L2 Support Engineer

Posted 5 Days Ago
Be an Early Applicant
Cambridge, MA, USA
In-Office
100K-140K Annually
Mid level
Artificial Intelligence • Software • Generative AI • Automation
The Role
Provide L2 support for an AI software platform: deploy/install into customer environments, triage and resolve issues across Kubernetes, cloud providers, networking, storage, and services; build runbooks, dashboards, and alerts; reproduce issues safely; write evidence-backed escalations and post-incident notes; participate in rotating on-call coverage aligned to US time zones.
Summary Generated by Built In

About Blitzy

Blitzy is a Cambridge, MA based AI software development platform on a mission to revolutionize the software development life cycle by autonomously building custom software to unlock the next industrial revolution. We're transforming how enterprises build software, turning enterprise requirements into production-ready code with an agentic software development platform that can autonomously execute 80% of the quantum of software development work. We're backed by multiple tier 1 investors, and have proven success as founders of previous start-ups.

Location: Cambridge, MA (On-site)

Compensation: $100,000 - $140,000 salary + equity

 

The Role

The role is to support our clients and ensure a stable environment across the full lifecycle: installation, ongoing upgrades, and day-to-day operation. The L2 Support Engineer works alongside L1 to triage and resolve issues, and escalates unresolved defects to engineering. It operates across Kubernetes, Docker, and the major cloud providers.

 

What Success Looks Like

  • Customers' issues are resolved faster and escalated cleaner.

  • Recurring problems turn into runbooks, dashboards, and alerts, not repeat tickets.

  • Engineering trusts your escalations because they come with proof, not guesses.

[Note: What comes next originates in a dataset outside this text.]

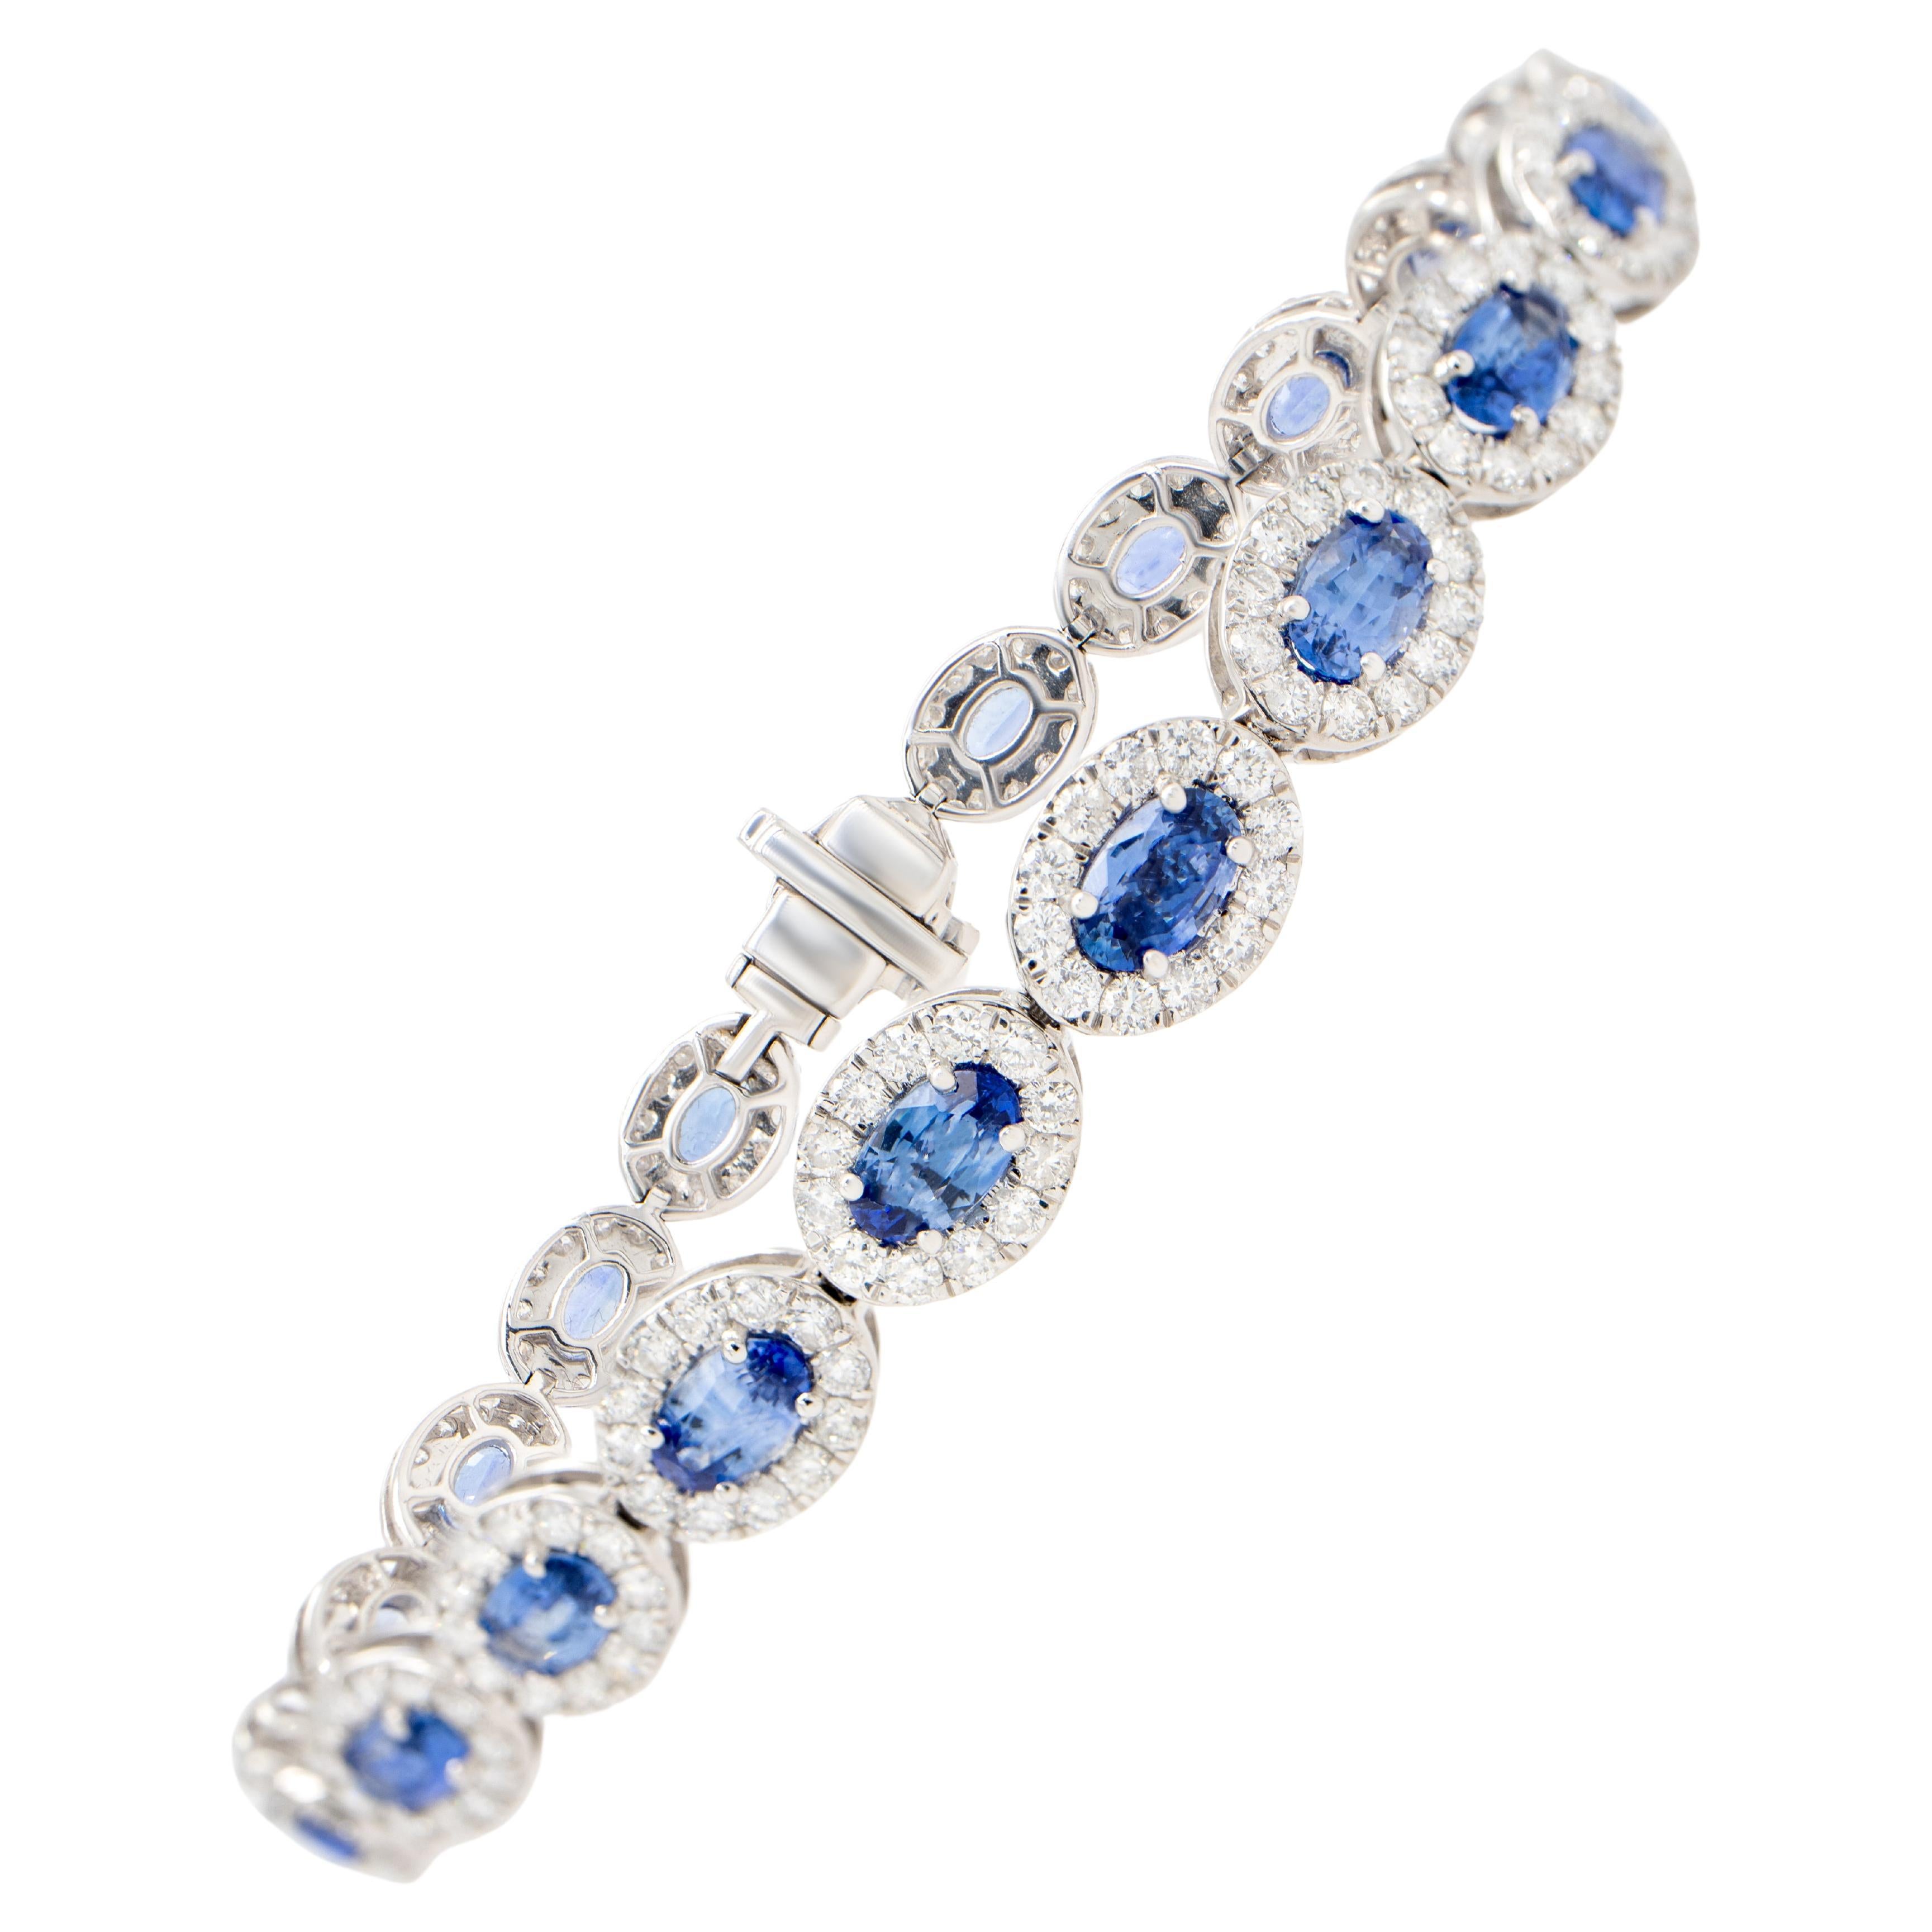 Blue Sapphire Bracelet Diamond Halo 10 Carats 18K Gold For Sale

  • Customers trust your communication because it's clear, honest, and on time.

 

Areas of Ownership

  • Deploy and install the platform into customer environments, and troubleshoot installation issues.

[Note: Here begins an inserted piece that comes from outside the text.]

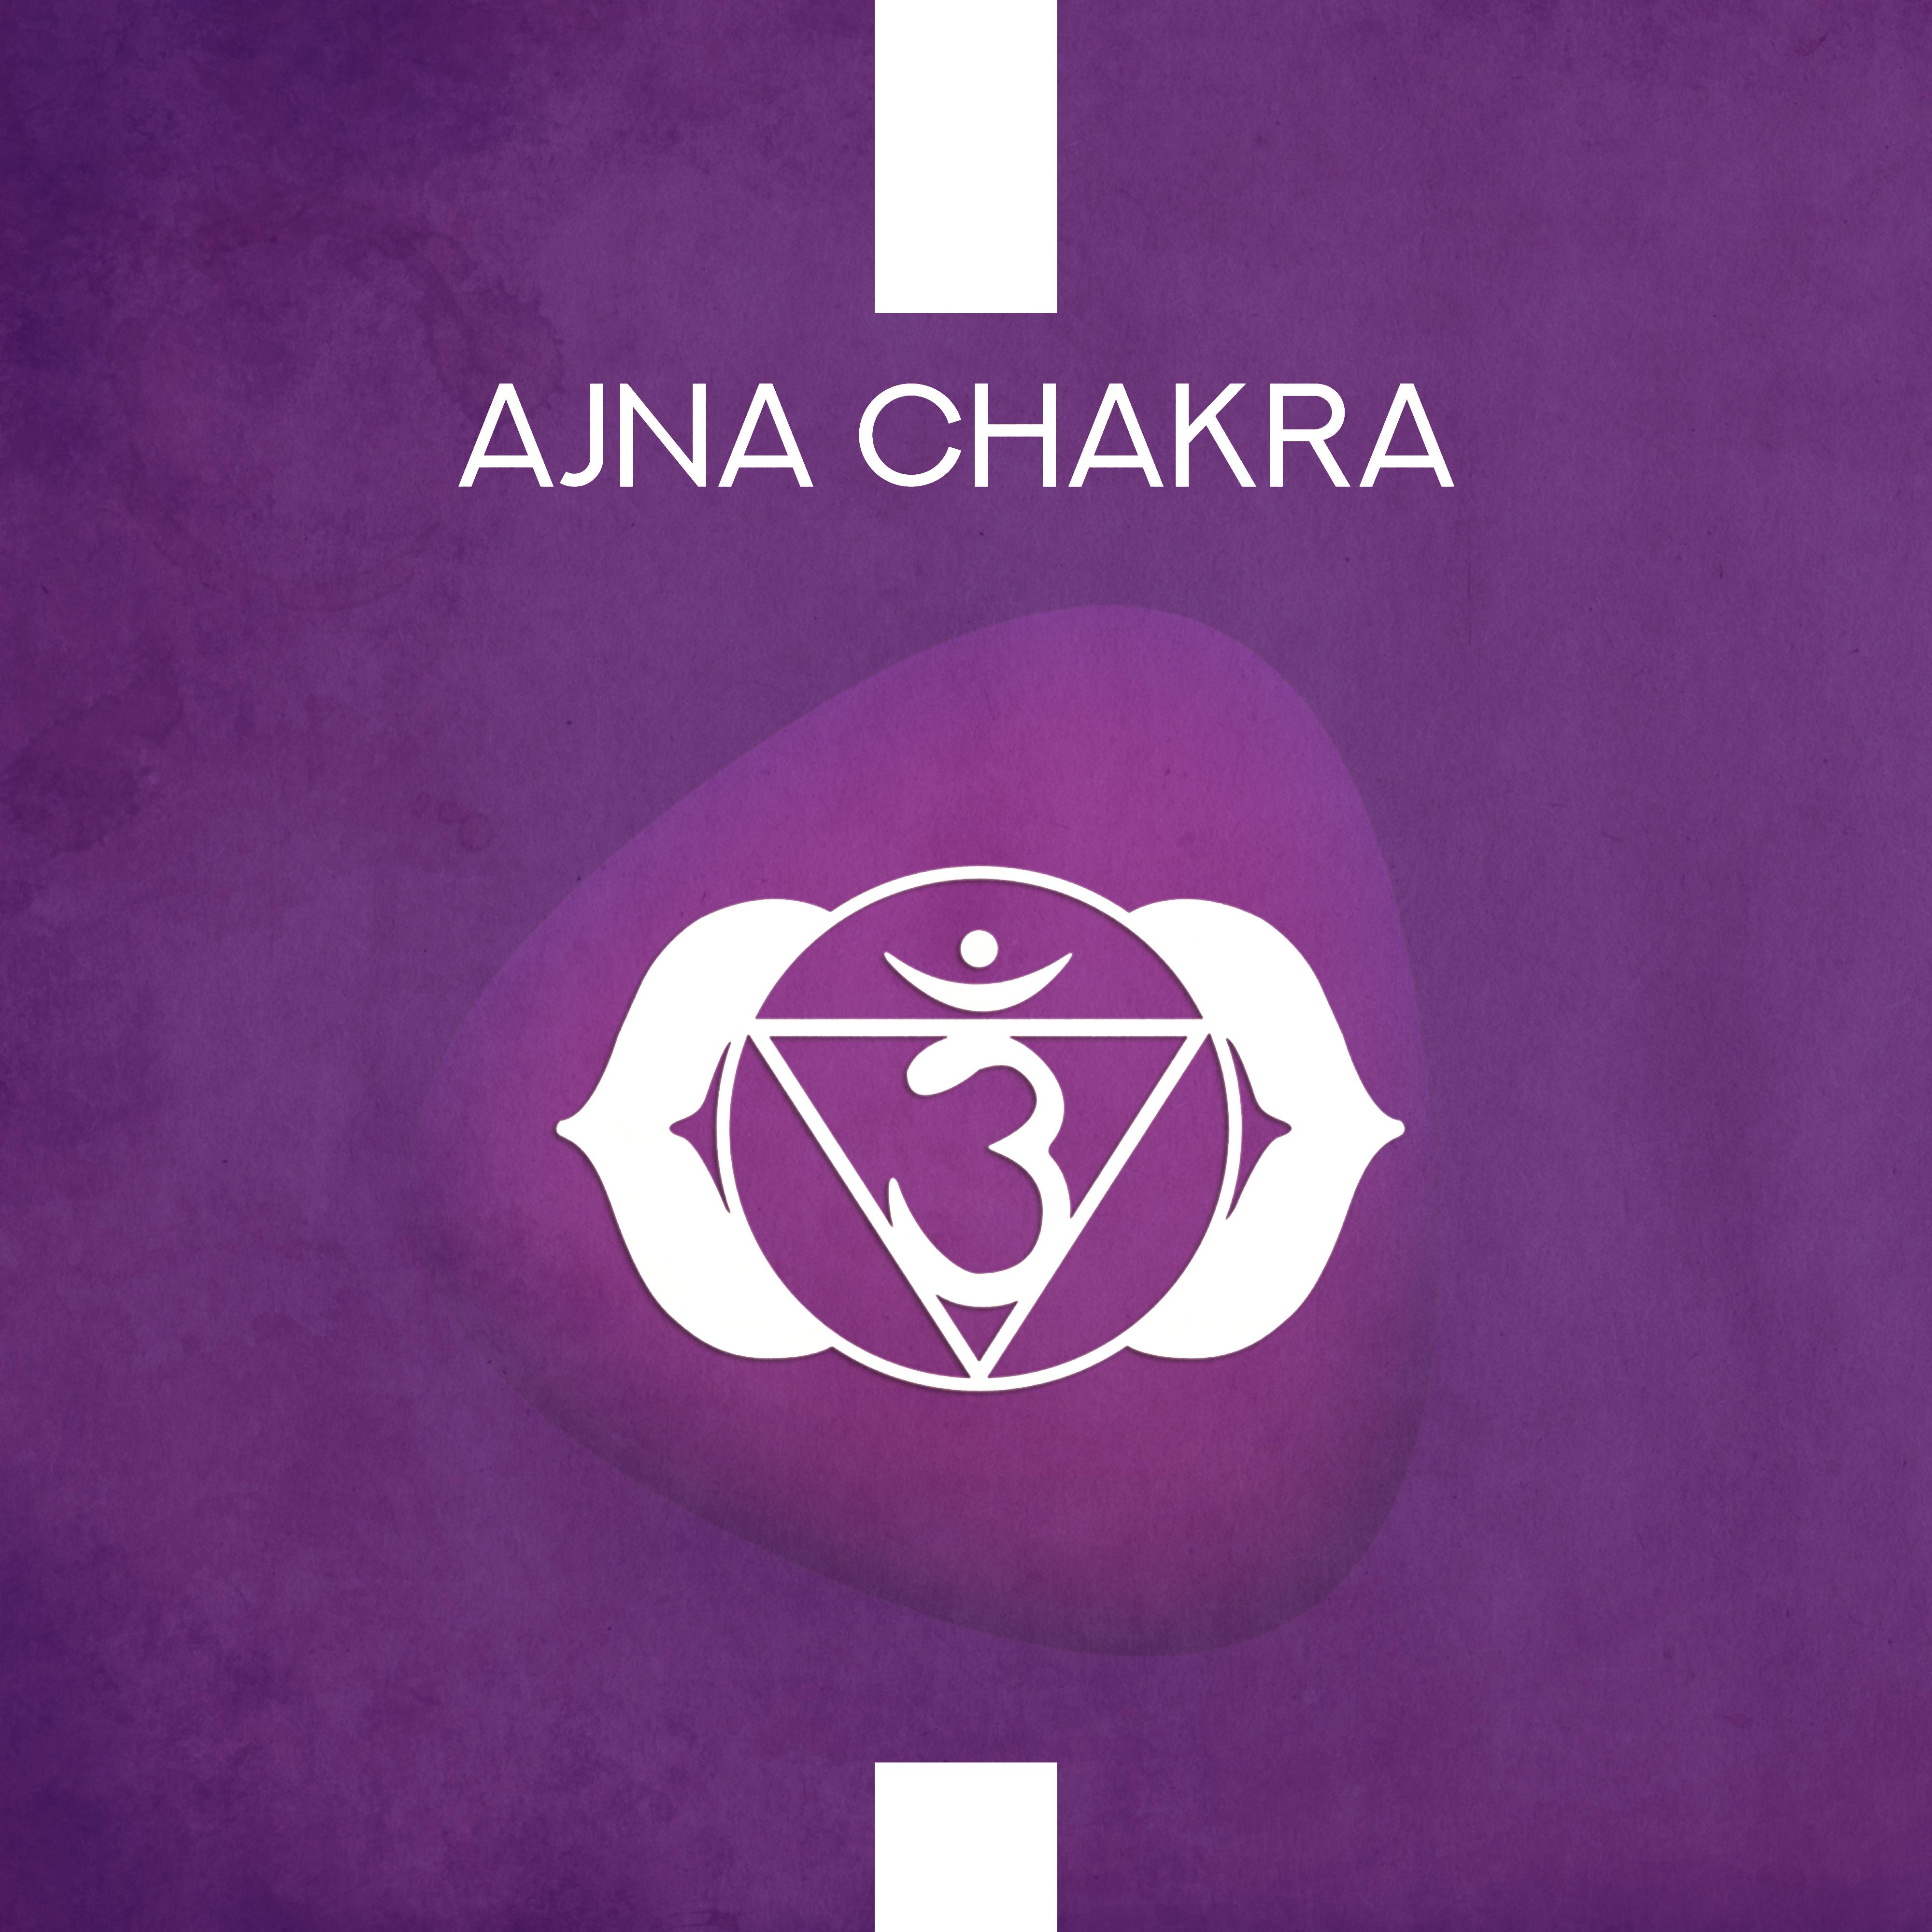 Ajna Chakra - Meditative Music to Open the Third Eye

  • Support ongoing upgrades and day-to-day operation, keeping customer environments stable.

  • Work alongside L1 to triage and resolve customer-reported issues, driving them to resolution or escalation.

  • Diagnose failures across the stack: compute, networking, storage, and the services running on it.

  • Reproduce issues safely against live (often multi-tenant) environments using read-only diagnostics first.

  • Build and maintain dashboards, monitors, and runbooks so recurring issues get faster to fix: or stop recurring.

  • Write up clear, evidence-backed escalations and post-incident notes.

  • Communicate status and resolution to customers clearly and on time.

 

Required Experience

  • Distributed-systems debugging. Reason about a request crossing multiple services, queues, and network hops, and isolate which hop failed. You debug by forming a hypothesis and confirming it with evidence (logs, pod state, queue depth, DB rows), not by guessing.

  • Kubernetes & Docker.

  • Major cloud providers: GCP, AWS, and Azure. Hands-on with at least one deeply and able to work across the others: managed Kubernetes (GKE/AKS), cloud logging, IAM/auth basics, and cloud disk/storage behavior.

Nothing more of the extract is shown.